With the rapid development of machine learning and artificial intelligence, the volume of data requiring processing is increasing significantly, and the models are becoming increasingly complex. Single-core CPUs and traditional single-machine memory cannot support the growing demands of data processing. Consequently, there is a pressing need to explore the parallelization and implementation of machine learning and deep learning codes on heterogeneous (multi-CPU/multi-GPU) cluster architectures. In response, the course "CSYE7105: High Performance Parallel Machine Learning and AI" was developed for graduate students in 2020.
This course aims to equip students with an understanding of the principles of high-performance parallel computing, including architecture and parallel programming models, while providing practical exposure to emerging parallel-based machine learning and AI techniques. This is essential to meet the high demand for skilled professionals in fields that require accelerated computing, such as image classification, speech recognition, and natural language processing. Utilizing the university's High-Performance Computing (HPC) cluster, the course offers students the opportunity to apply these principles in practice.
The course is divided into four parts. The first part analyzes different types of parallel computing system architectures—shared memory systems, distributed memory systems, accelerator systems, and hybrid systems—as well as the specifications and standards of parallel programming (OpenMP, MPI, and CUDA). The second introduces the university's HPC cluster, facilitates student access, and teaches the use of Slurm, a supercomputer job management platform, while incorporating assessments for manual operations on the cluster. The third focuses on parallelism-based code development and the implementation of large-data processing, machine learning algorithms, and models on a multi-CPU architecture. The fourth covers code development and the implementation of data parallelism and model parallelism for large deep learning models on a multi-GPU architecture. The culmination of these four parts will be research projects by students on the HPC cluster.

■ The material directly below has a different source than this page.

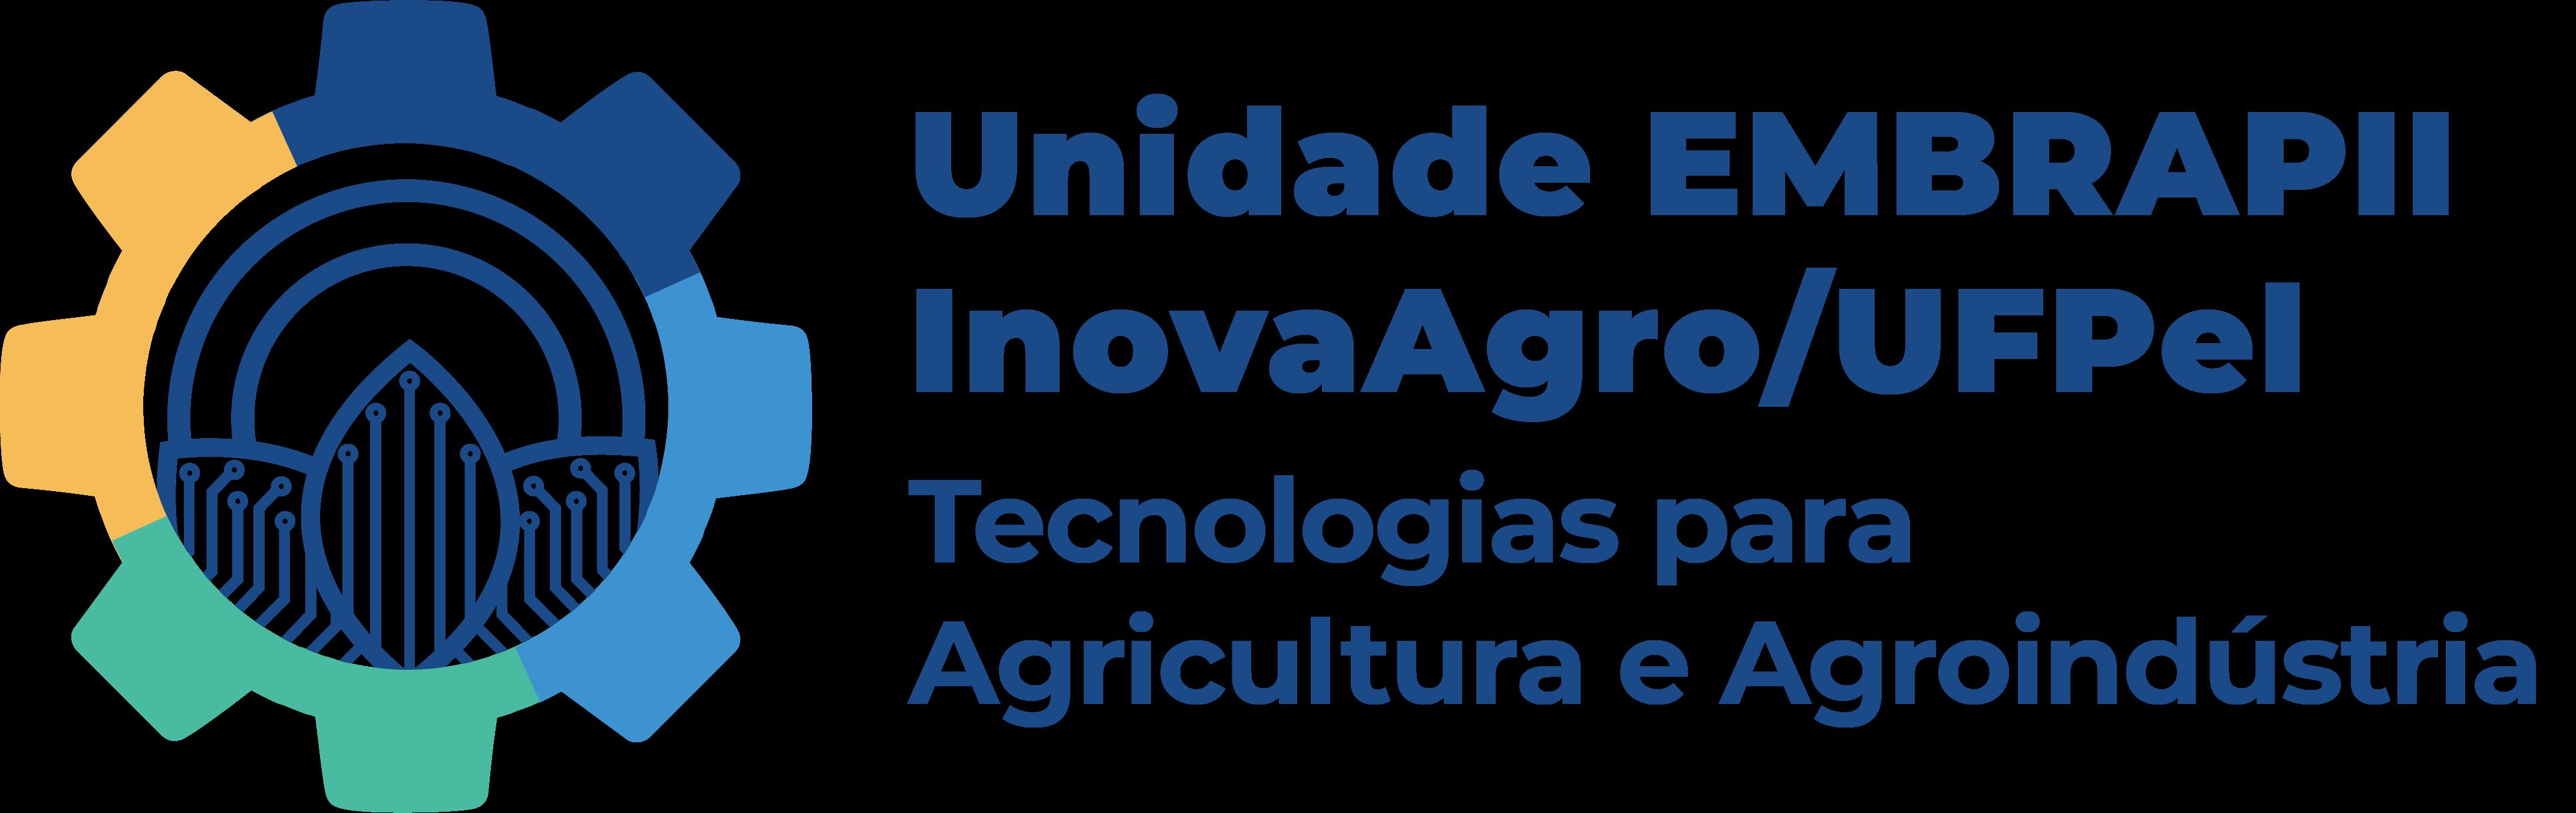 Logo Unidade Embrapii InovaAgro

Five years of teaching this course and student interaction has provided feedback which demonstrates that the latest industry knowledge and technologies imparted in this course empower graduate students to explore and implement parallelism-based projects in machine learning and deep learning across various domains on high-performance clusters. The experience gained positions them favorably in both industrial job markets and academic doctoral program applications. Consequently, this unique course has attracted many students due to its innovative approach to technologies, challenges, and, consequently, high demand. As a teaching professor in a rapidly evolving field, I remain committed to keeping abreast of innovative technologies, continuously updating and refining the course content each semester. This prepares students not only for current industry needs but also for the ever-evolving data-driven decision-making landscape.